AI’s existential risk is a pressing concern that continues to perplex the tech world. While debates about dystopian scenarios persist, there is a more immediate issue at hand: the emergence of semi-autonomous AI agents making independent decisions. These agents, found in trading robots and even language generation models like ChatGPT, are plagued by practical problems such as inaccurate citations, lazy decision-making, and unpredictability. This lack of trust in AI systems and the machine learning algorithms behind them has had serious repercussions, as seen in cases like Minnesota’s lawsuit against UnitedHealth Group and the creditworthiness assessment industry’s blunders.
Recognizing the importance of addressing this trust gap, experts propose the creation of an inference economy as a solution. This innovative concept offers a formal arena for rectifying flawed AI outputs. The inference economy revolves around a marketplace for verifiable machine intelligence, comprising two layers. Firstly, a tournament-style competition allows data scientists and modelers to improve upon existing ML models and earn a share of the generated revenue. Secondly, an open marketplace enables the consumption of verified streams of inferences.

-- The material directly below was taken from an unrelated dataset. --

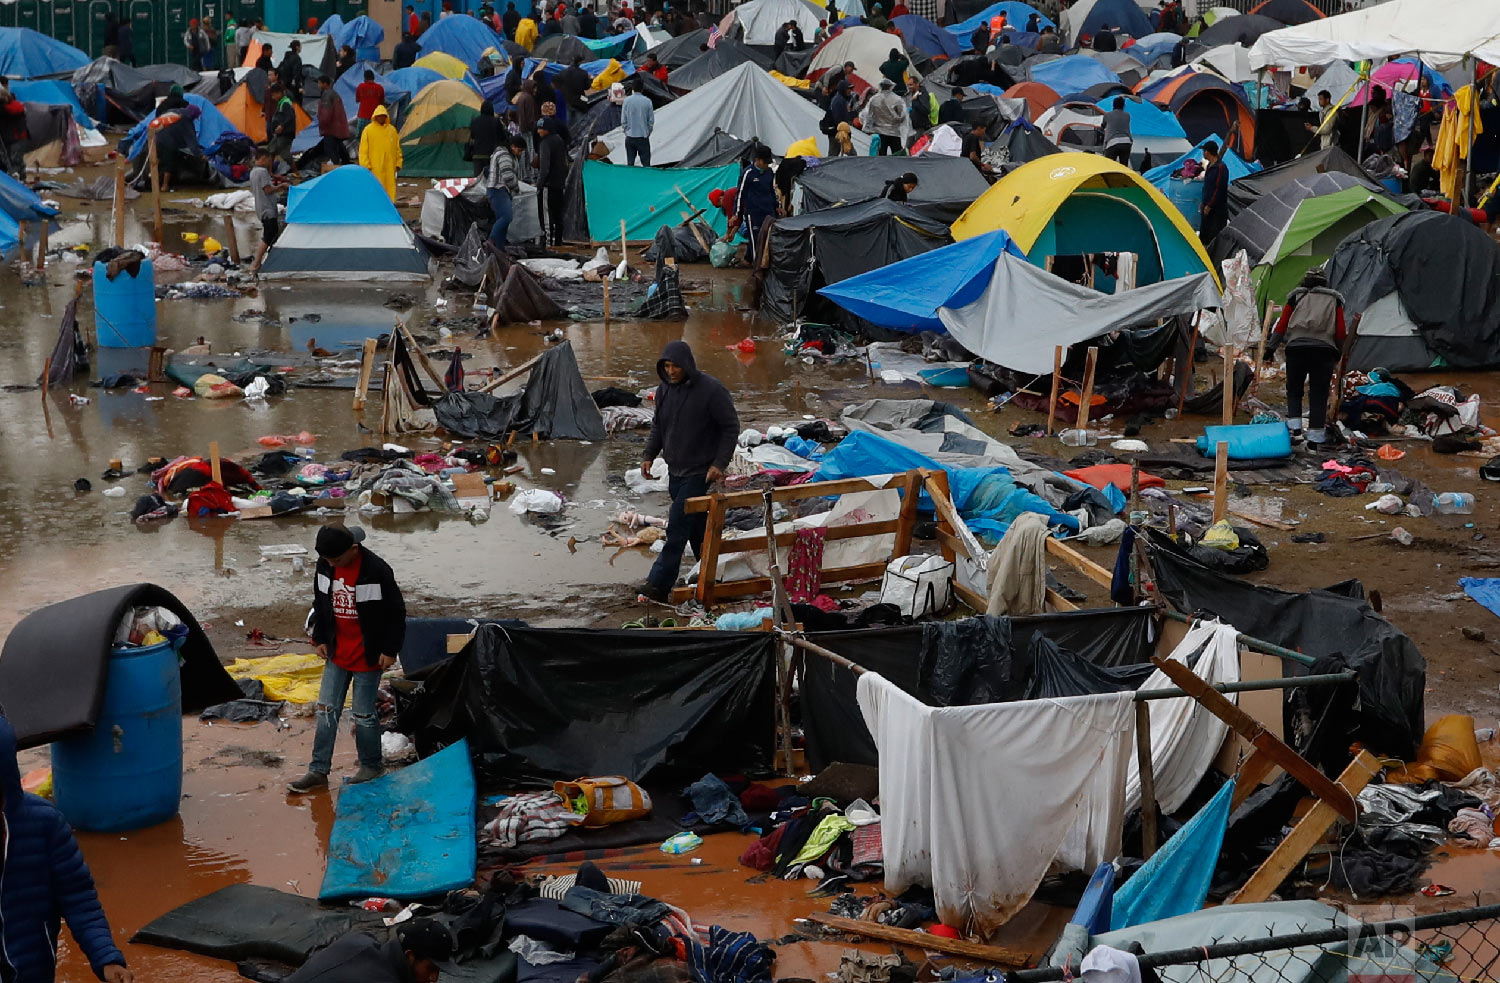  Migrants walk amidst flooded tents after heavy rains poured down on a sports complex sheltering thousands of Central Americans in Tijuana, Mexico, on Nov. 29, 2018. (AP Photo/Rebecca Blackwell)

The inference economy brings together various concepts, including Web3 validation staking, streaming payments, and zero-knowledge proofs. By combining these ideas with competitive ML models, the inference economy offers a trustless system where AI agents or developers can select streams of inferences from a diverse range of community-vetted machine learning models. This significantly reduces the risk associated with unreliable data, as bad streams can be replaced with better ones in the marketplace. Consequently, AI agents can operate based on well-screened and trusted streams of inferences.
The significance of the inference economy lies in its ability to address the pivotal issue of AI accountability. Trustless systems demand robust technologies and heightened security measures, making the integration of Web3 design philosophies essential. Grounded in verified machine intelligence and a pool of brilliant minds comprising data scientists and modelers, the inference economy provides a tangible solution to concerns about AI’s potential negative impact.
At its core, the inference economy focuses on creating a marketplace that offers high-performing and verifiable ML models for businesses to deploy. Whether it’s credit scoring, NFT recommendations, crypto price predictions, or sports analysis, organizations can derive immense value from an inference economy that restores trust in machine intelligence.
In conclusion, the inference economy paves the way for a future where AI is held accountable and can be trusted to provide reliable and secure inferences. By commercializing the pursuit of honest and verifiable machine learning production, this innovative approach ensures that organizations can harness the full potential of AI while mitigating the risks associated with its use. With its strong foundation in verified machine intelligence and a community-driven marketplace, the inference economy offers a practical solution to the challenges of AI in today’s evolving technological landscape.